Il ragù mi piace tantissimo.
Il ragù è uno di quei piatti che fa subito comfort food.
Come il primo camembert di stagione, mi piace salutare l’autunno anche con un piatto di gnocchi con il ragù. Quel ragù dove poi fai scarpetta con il pane.
Accompagnato da un buon bicchiere di rosso corposo.
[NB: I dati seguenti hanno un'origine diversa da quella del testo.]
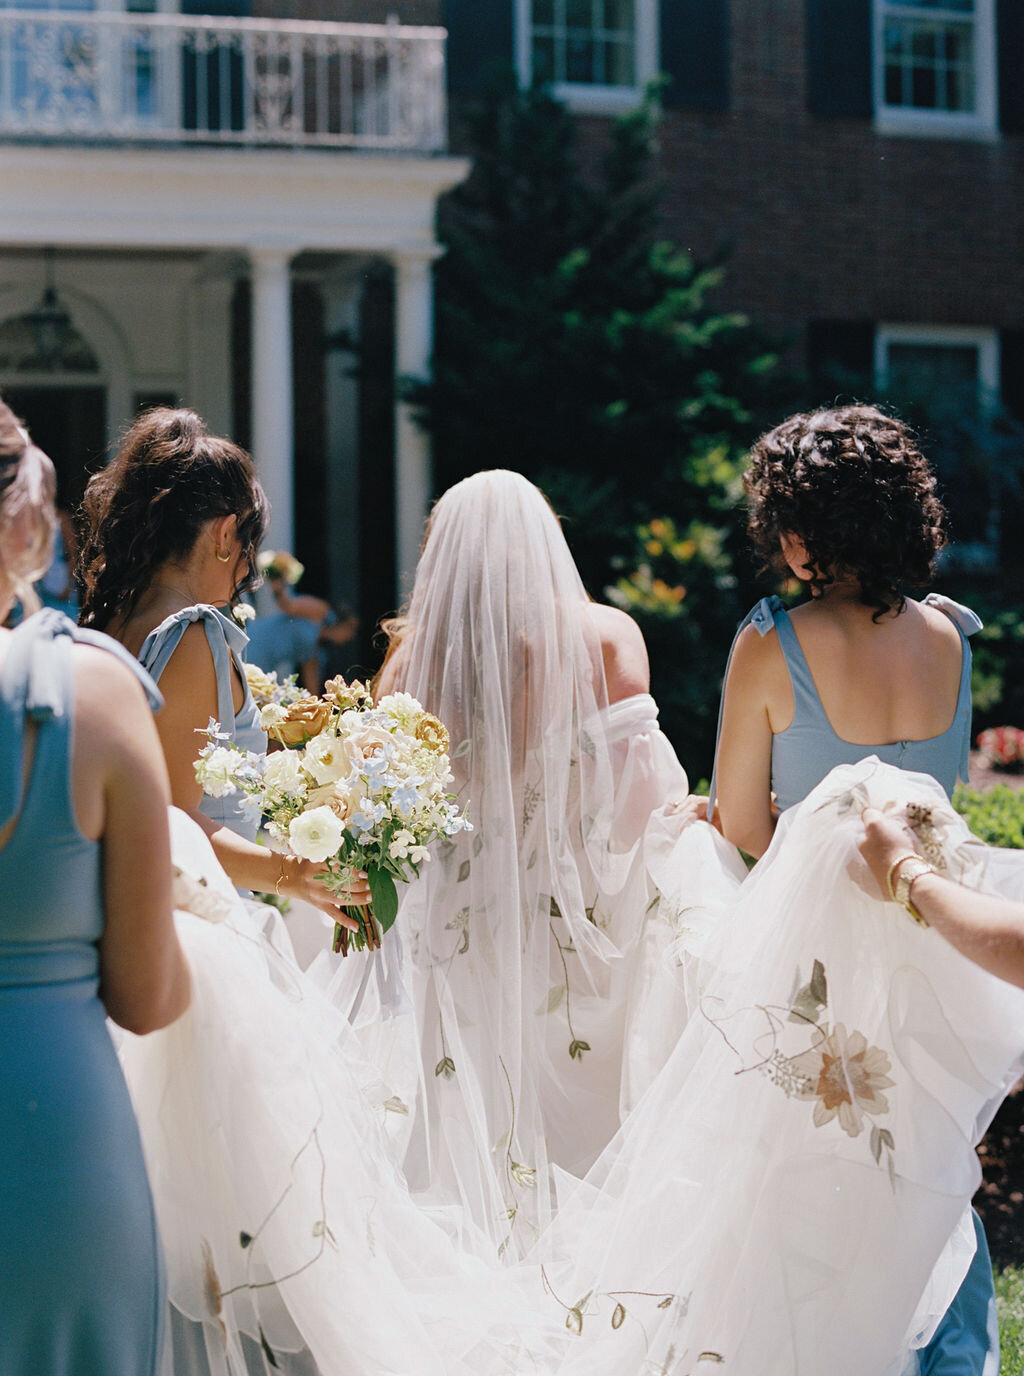 Bridesmaids in blue dresses carrying bride’s flower embroidered veil, train and bridal bouquet.

Ed è subito domenica pomeriggio, ottobre, luce calda, una musica nostalgica ma melodiosa dallo stereo: potrebbe essere John Legend, con “Stay with you”, per esempio. Foglie gialle e rosse, cinema alla sera, plaid sul divano, film romantici, visti e seguiti solo per 15 minuti, che poi ci si assopisce stretti stretti, in un sonno pieno di sogni.
I gnocchi al ragù mi ricordano la mia nonna Vanda: è mancata anni fa, ma è bello poterla ritrovare nel quotidiano, nelle sue ricette, in piccoli gesti che mi riportano da lei, con lei, nella sua cucina.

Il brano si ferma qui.